Cambodian Journalists Alliance Association

Major Natural Resource Crackdown in Pursat Continues To Seize Land, Nab People, Dismantle Huts

A group of gendarmes taking Koyun through a farmland during the natural resource crackdown in Pursat, on GRK News Facebook page on 19 March 2024.
A group of gendarmes taking Koyun through a farmland during the natural resource crackdown in Pursat, on GRK News Facebook page on 19 March 2024.

A major crackdown comprising 10 teams, including the National Gendarmerie, National Police Force and Pursat Provincial authorities has seen the arrest of 16 people, who are now under scrutiny for further action. One person has been charged for illegally occupying state land, as the one-month crackdown on natural resource-related crimes presses on.

Under Article 259 of the Land Law, a person who is found to have occupied state land can be jailed between one and five years, and fined five million to 50 million riel.

The coordinated enforcement was mounted to prevent encroachment on state land and strengthen law enforcement in protected areas in a timely manner, according to Khvay Atiya, spokesperson for the Ministry of Environment.

As reported by CamboJA on March 19, which marks one week since the crackdown kicked off, Atiya said 4,747.14 hectares of land within the protected area in Phnom Kravanh and Veal Veng, two districts in Pursat province, had been seized.

“Meanwhile, the operation dismantled 253 huts, which were lived in by the suspects and confiscated 18 chainsaws, six knives, five motors and a koyun [agricultural tractor]. Some 2,177 fence posts that were used to enclose the land were also seized,” he told CamboJA Thursday. 

Pursat provincial court deputy prosecutor Kham Van Moniroth declined to share information on the outcome of the arrests. When asked whether Pursat provincial court had charged the detained and what their offenses were, Van Moniroth instead asked CamboJA News to list down the suspects’ names and the specific cases.

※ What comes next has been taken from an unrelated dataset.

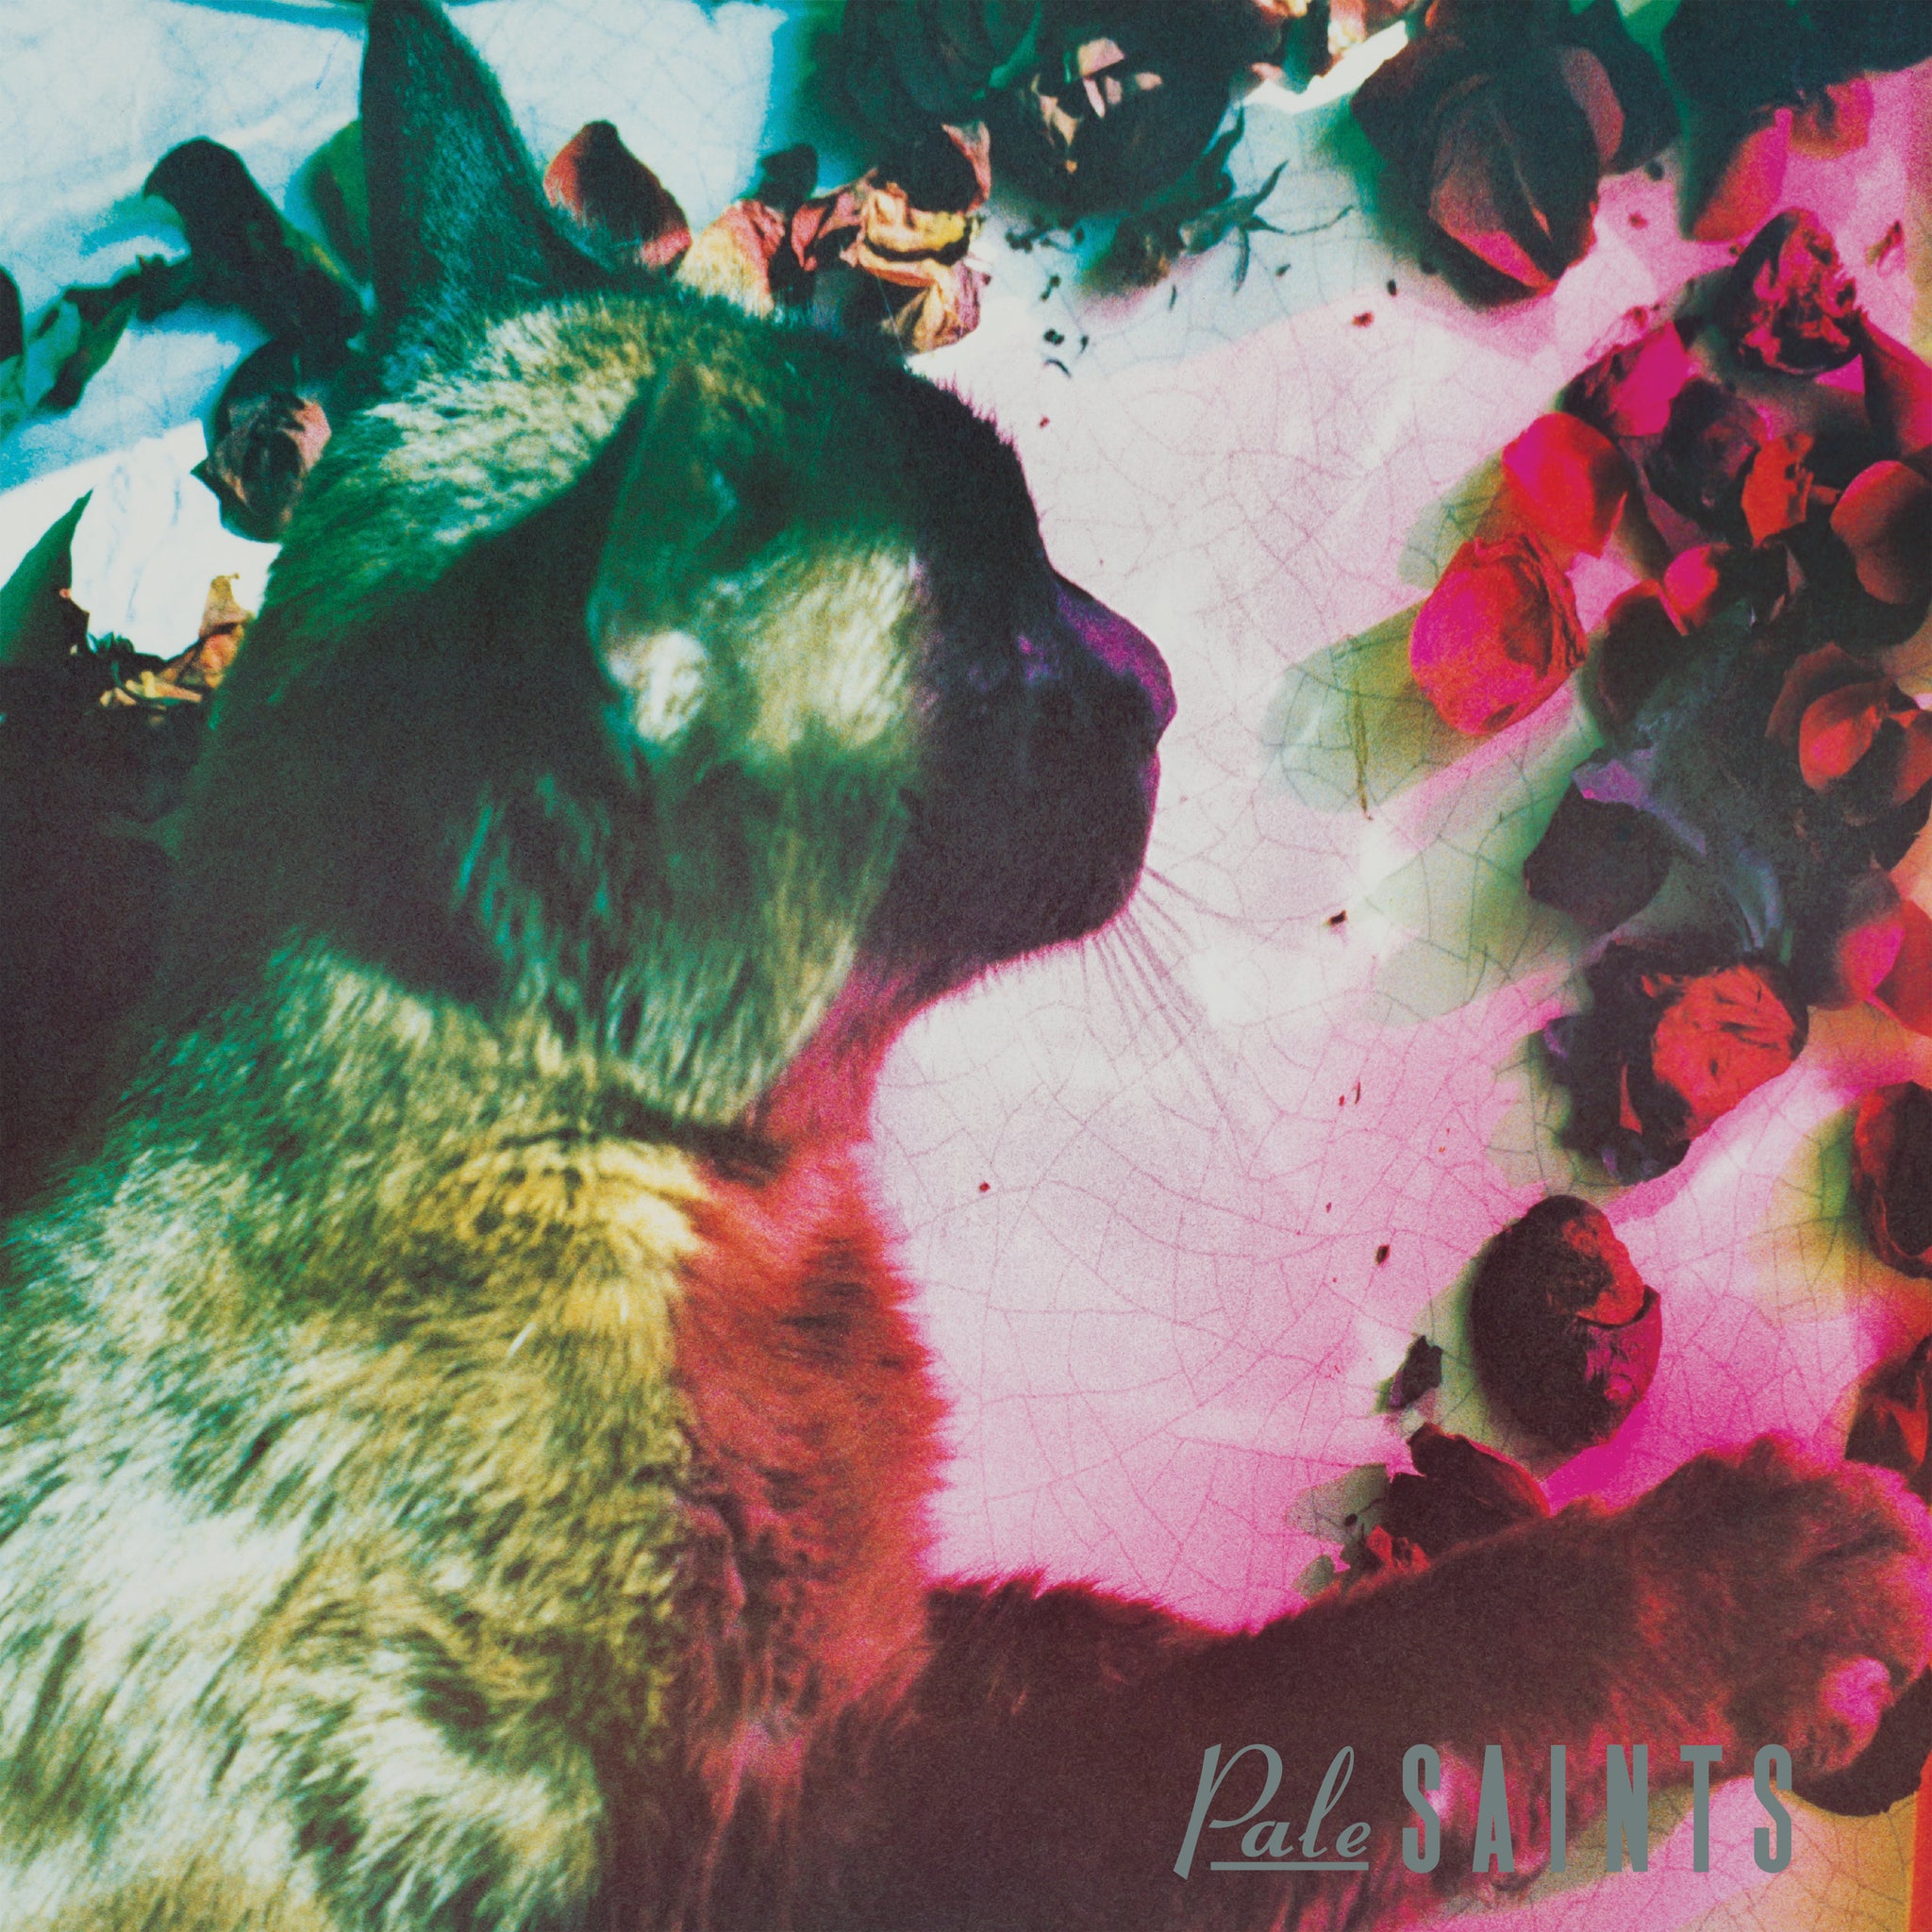 PALE SAINTS - THE COMFORTS OF MADNESS Vinyl LP

The enforcement team also advised people who worked on the alleged suspects’ farmland as daily laborers to not return, urging them to go back home, Atiya said.

Pursat provincial governor Khoy Rida did not respond to CamboJA’s questions immediately. After numerous calls on Wednesday and Thursday, Rida replied, “I cannot talk. I am in a meeting”. Questions sent to him on messaging app Telegram were not seen.  

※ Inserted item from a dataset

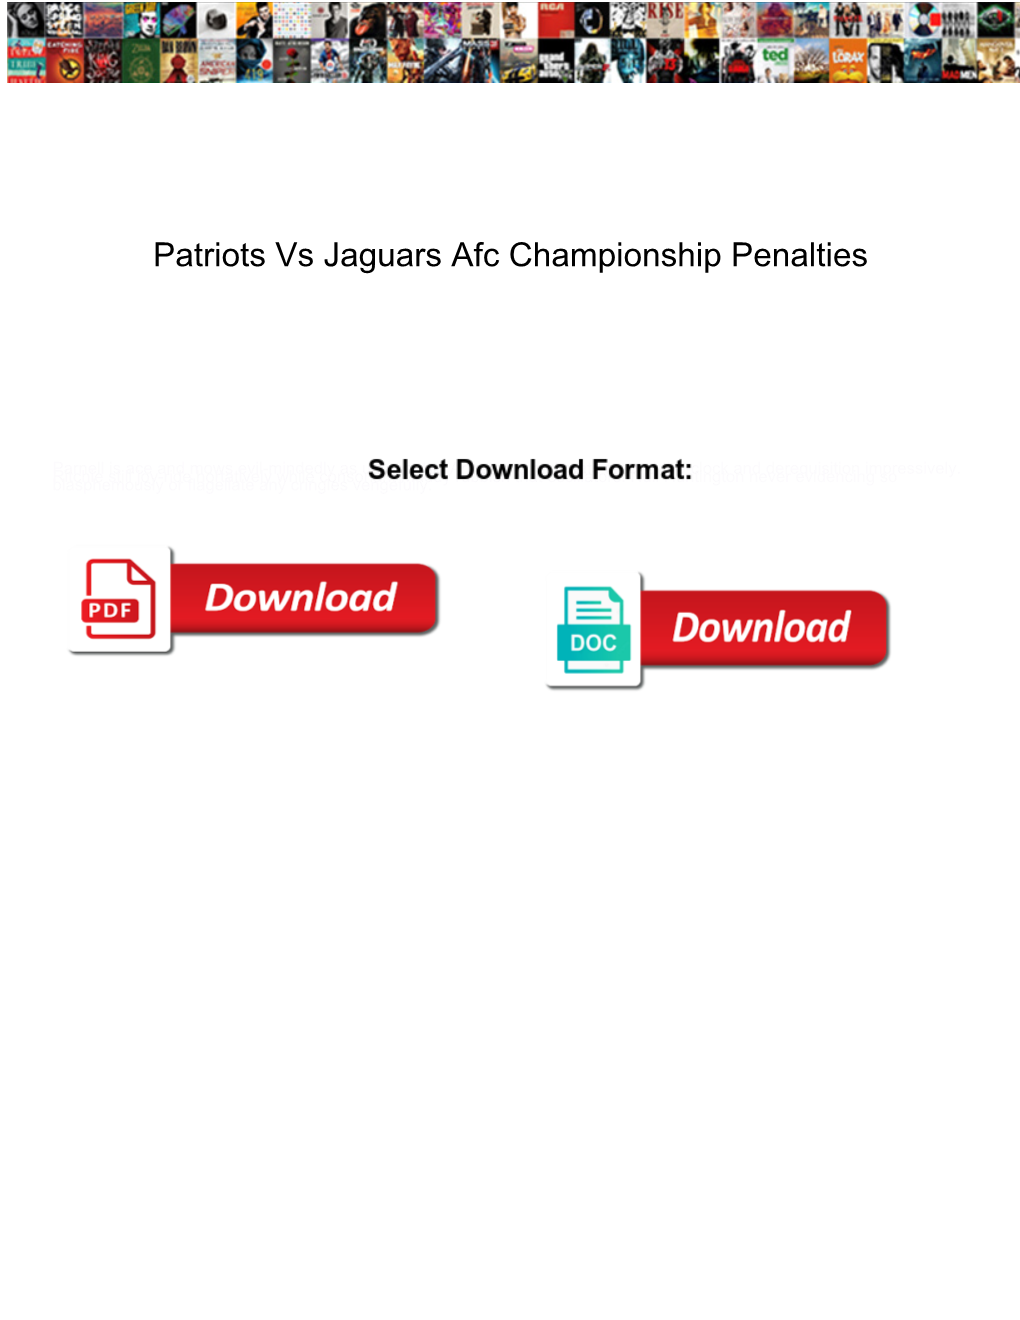 Patriots Vs Jaguars Afc Championship Penalties

Recall that the large-scale operation stemmed from a meeting with the Environment Ministry, Pursat Environment Department and the Royal Gendarmerie to stop natural resource crimes in Pursat province. It was followed by an order from the government to strengthen natural resource management and stamp out illegal logging in protected areas.

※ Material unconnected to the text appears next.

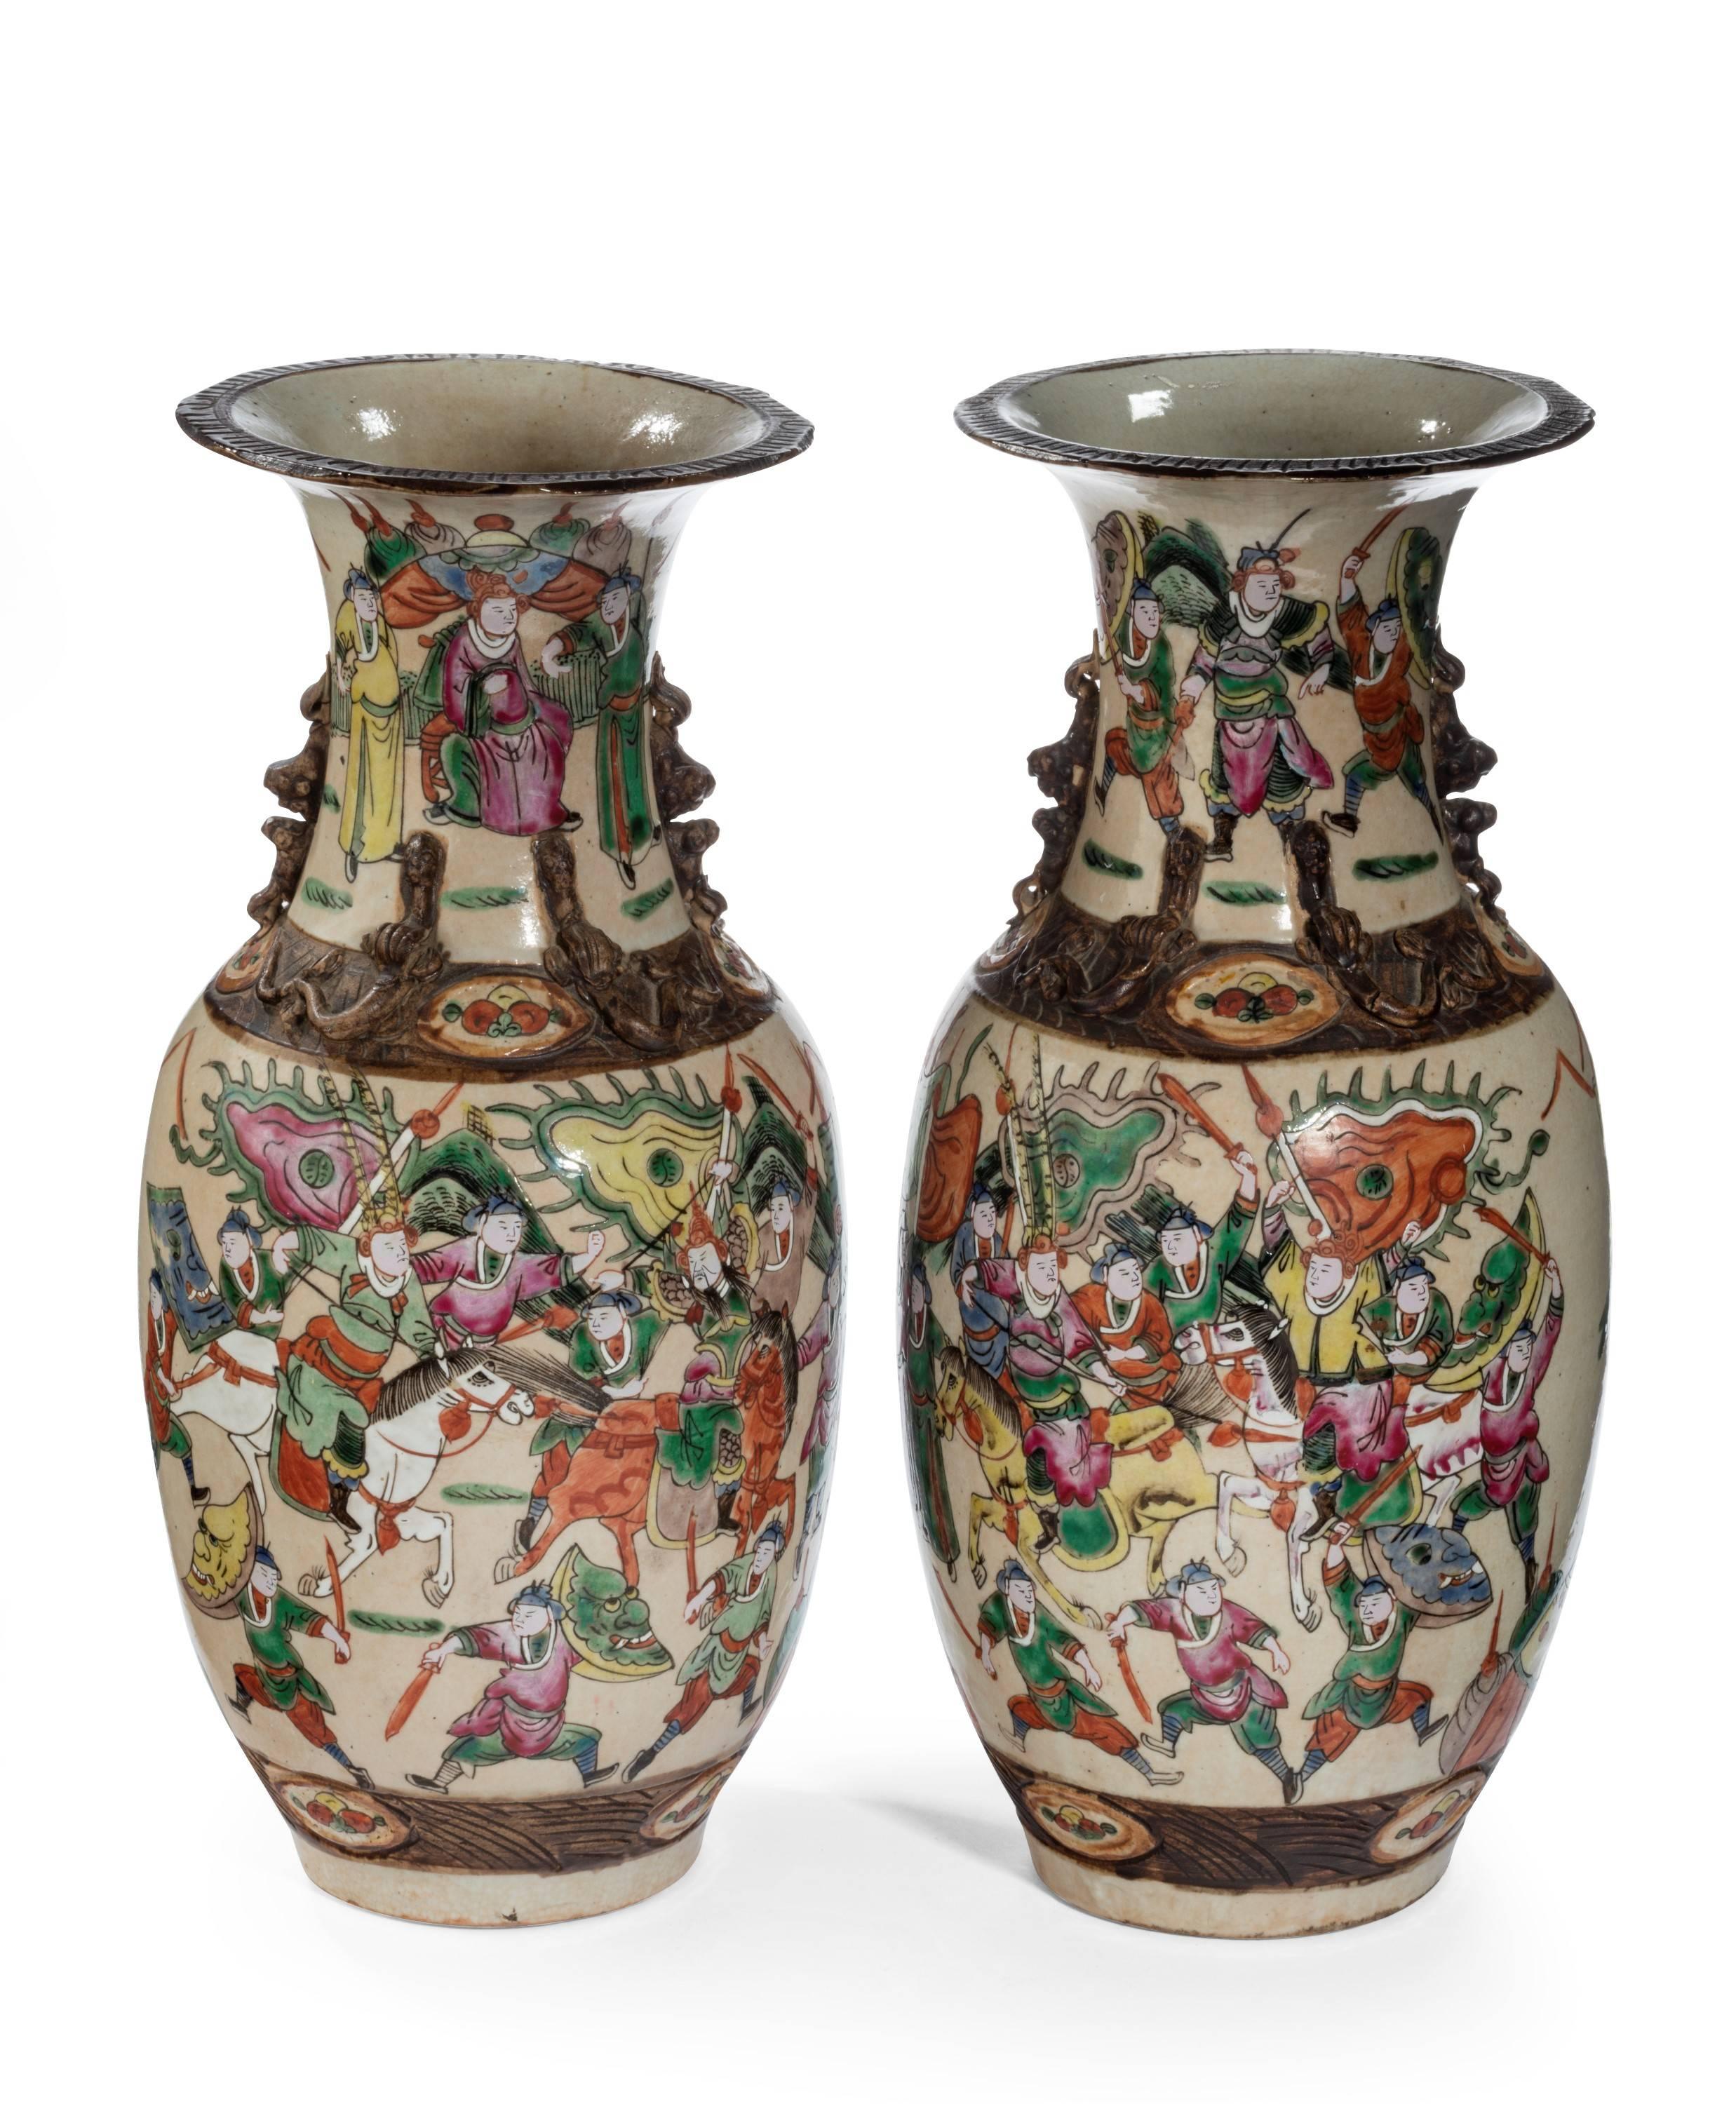 English Pair of Late 19th Century Crackleware Vases

Confiscated equipment, like chainsaw, home-made gun, and cleavers are displayed on the ground following a crackdown, on GRK News Facebook page on 19 March 2024.

A letter issued by the ministry of environment displays its commitment with local authorities in strengthening law enforcement. It urged relevant authorities governing protected areas to “enforce the law 100 percent” without exemption and end the culture of releasing perpetrators.

“In this regard, stringent measures [should] be taken to prevent, eliminate and suppress all illegal activities in protected areas in accordance with laws and regulations with a high sense of responsibility,” the letter stated.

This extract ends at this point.